Alexei Andreyvich Melnichuk (; born 29 June 1998) is a Russian professional ice hockey goaltender currently playing for Avangard Omsk of the Kontinental Hockey League (KHL).

Playing career
Melnichuk played professionally in his native Russia, with SKA Saint Petersburg and Torpedo Nizhny Novgorod of the Kontinental Hockey League (KHL) before signing as an undrafted free agent to an entry-level contract with the San Jose Sharks in May 2020.

During his maiden North American season in the 2020–21 campaign, he made his NHL debut with the Sharks appearing in relief on 11 February 2021, in a 6–2 defeat to the Los Angeles Kings. He was handed his first start on 8 May 2021, in a 4–5 overtime loss to the Arizona Coyotes.

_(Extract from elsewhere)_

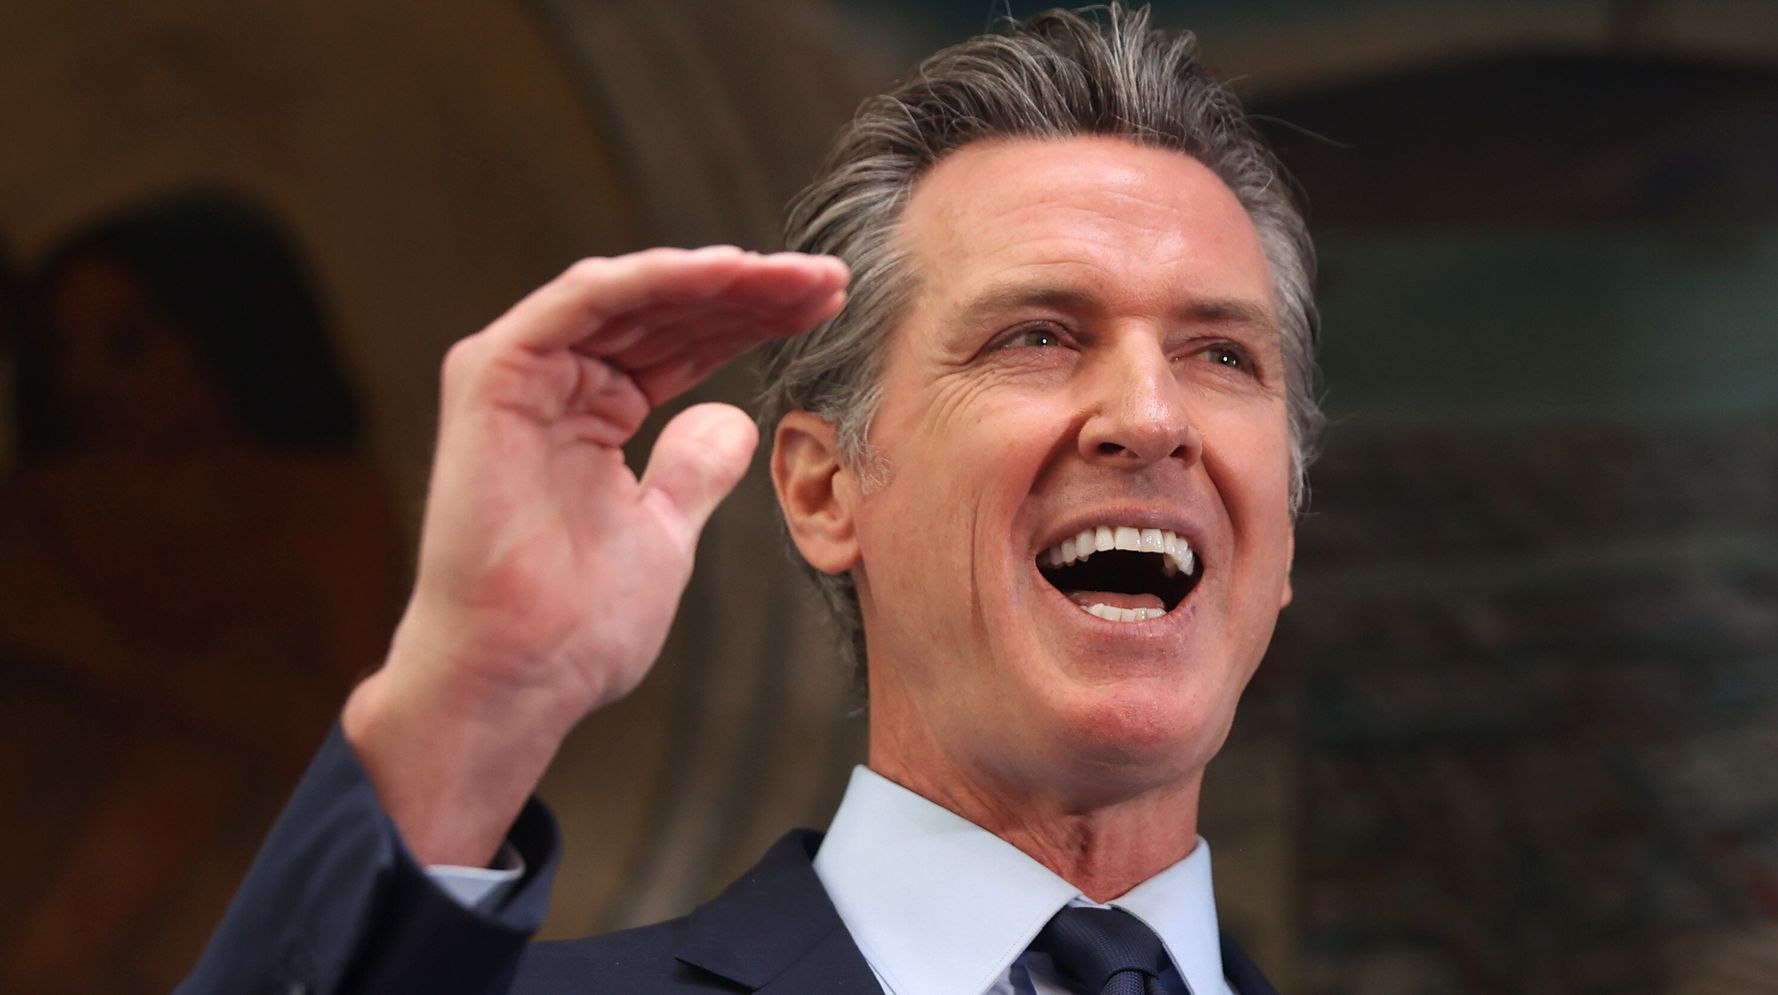 Californians Increasingly Against Recalling Gov. Newsom, Poll Finds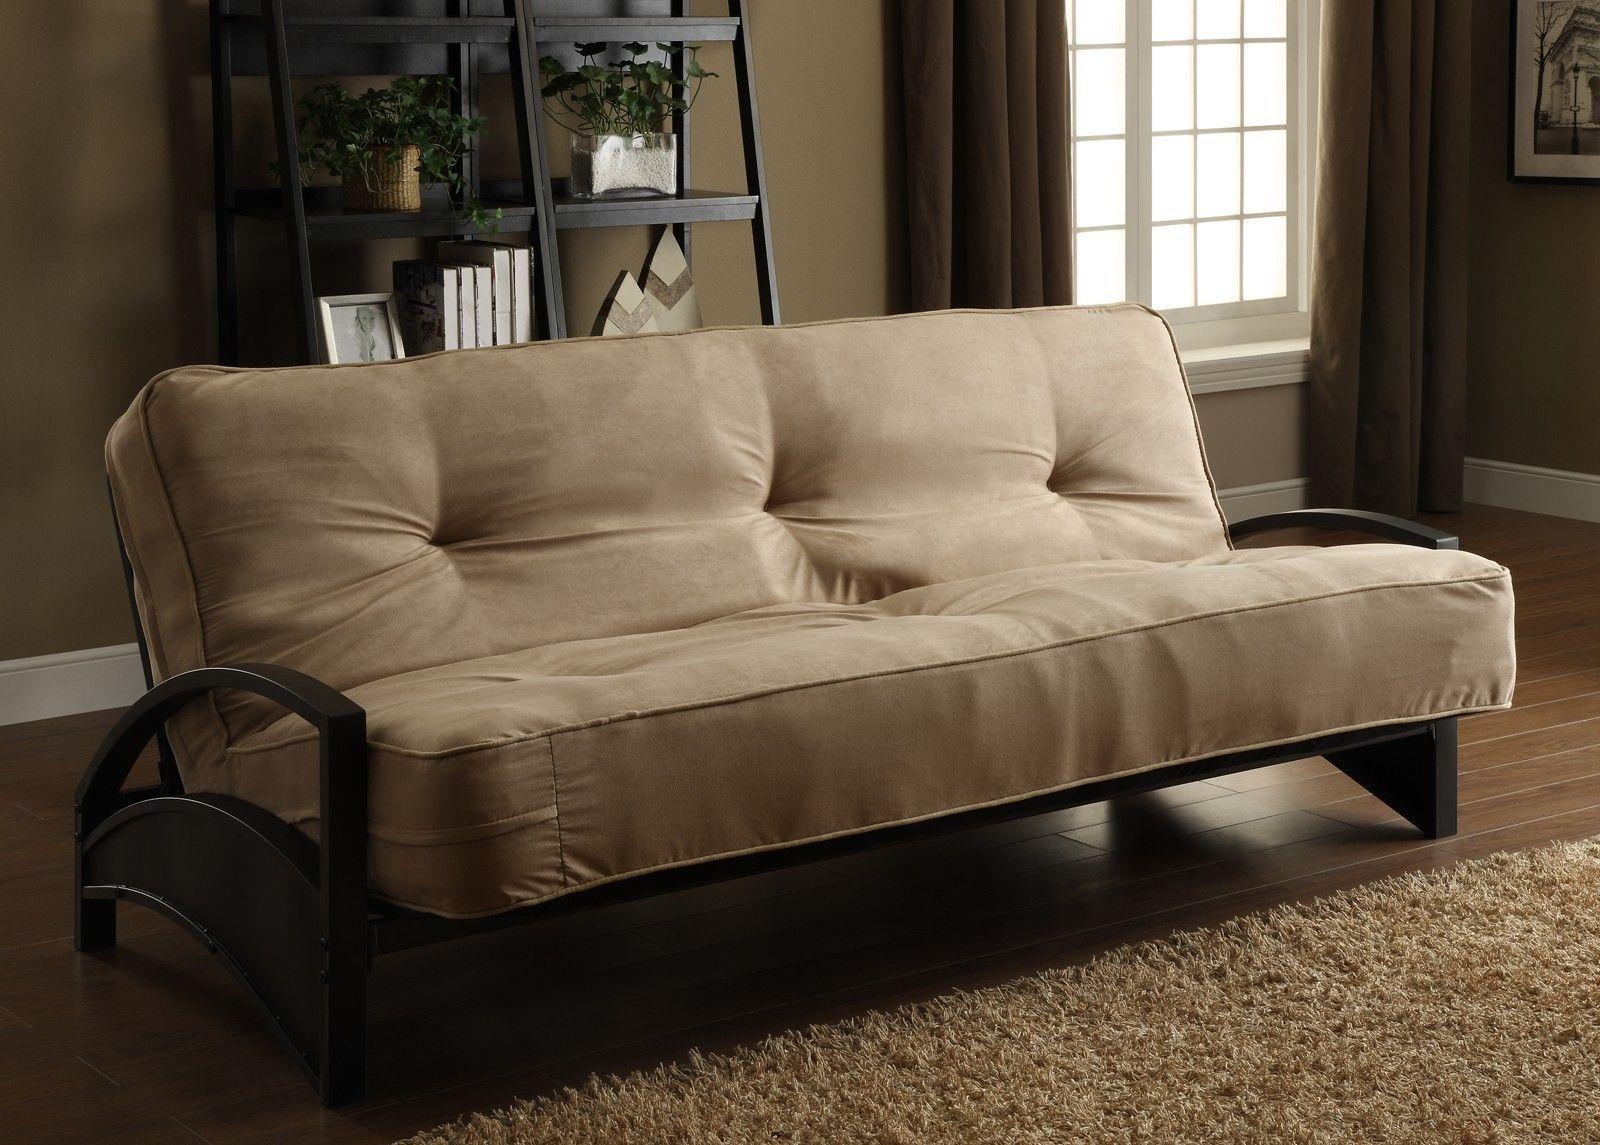 mylner futon frame devine designs pinterest futon frame and woods

In the following  season, Melnichuk continued in the AHL with the San Jose Barracuda. As the starting goaltender, Melnichuk collected 10 wins through 31 regular season games. At the NHL trade deadline, Melnichuk was dealt by the Sharks to the Tampa Bay Lightning in exchange for Antoine Morand on 21 March 2022. He was immediately re-assigned to the Lightning's ECHL affiliate, the Orlando Solar Bears.

After completing the season with the Solar Bears, Melnichuk's KHL rights were traded by SKA Saint Petersburg to HC Sochi on 6 May 2022. Opting to halt his North American career, Melnichuk was later signed by Sochi to a two-year contract on 11 May 2022.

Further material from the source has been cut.